Speaker: 

Prof Donald Nelson

Institution: 

Worcester Polytechnic Institute

Time: 

Tuesday, January 18, 2005 - 4:00pm

Location: 

MSTB 254

The development of quantum mechanics in the 1920s convinced physicists that future progress in understanding solids would flow from that discipline, and so continuum mechanics of solids was abandoned by physicists. Thus, success of the latter in late twentieth century is regarded as surprising by most.

We present an overview of the construction of a very general Lagrangian of a closed system of a dielectric crystal interacting with the electromagnetic field. The Lagrangian is first constructed for discrete particles, a long-wavelength (continuum) limit is taken in a manner to preserve all of the eigenmodes. The crystal can be of any class of symmetry, have any structural complexity, and have interactions between its various eigenmodes and between them and the electromagnetic field to any order of nonlinearity. All eigenmodes are included: electromagnetic, acoustic and optic modes of vibration, spin, and all polaritonic combinations of them.

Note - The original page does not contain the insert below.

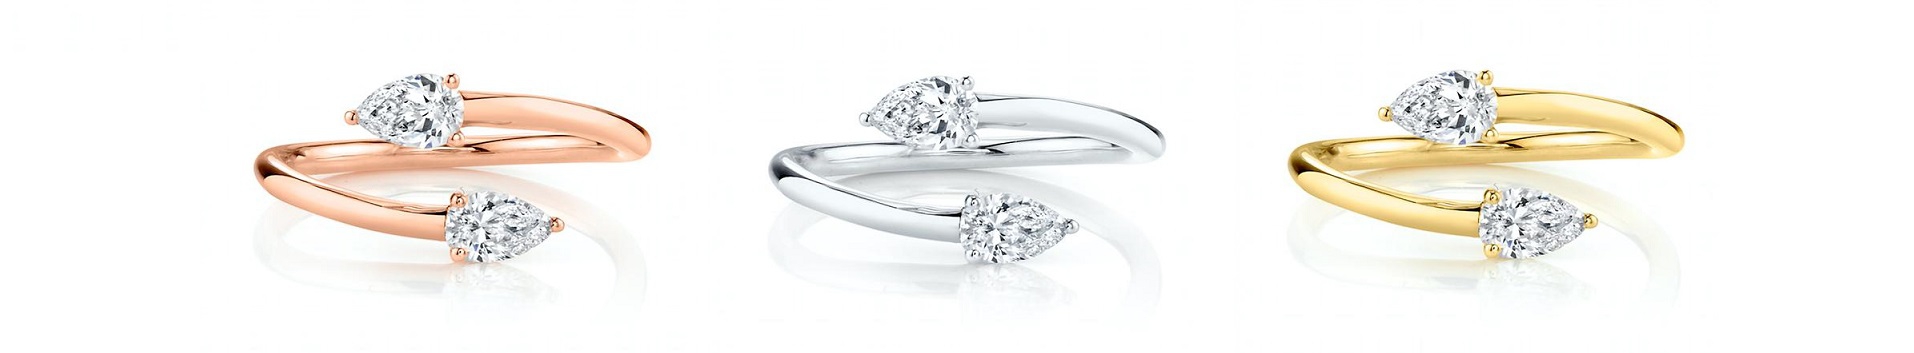 anillos de compromiso diamante

The photoelastic effect was show to have been wrongly formulated for 155 years: the independent variable characterizing the deformation had been wrong! Thus, the interaction tensor has a more general symmetry. The accepted relation between the photoelastic effect and electrostriction was shown to have been wrong for almost as long. The elastic stiffness tensor was shown to lose its traditional symmetry when a soft optic mode became involved. All treatments of acoustic harmonic generation in piezoelectrics were shown to be wrong. The best derivation of optical activity was shown to have missed a fundamental contribution having a different dispersion. The Abraham - Minkowski controversy about the momentum of a light wave in a medium was resolved. The most general Poynting vector in a medium was found. Several nonlinear interactions were characterized and interpreted for the first time.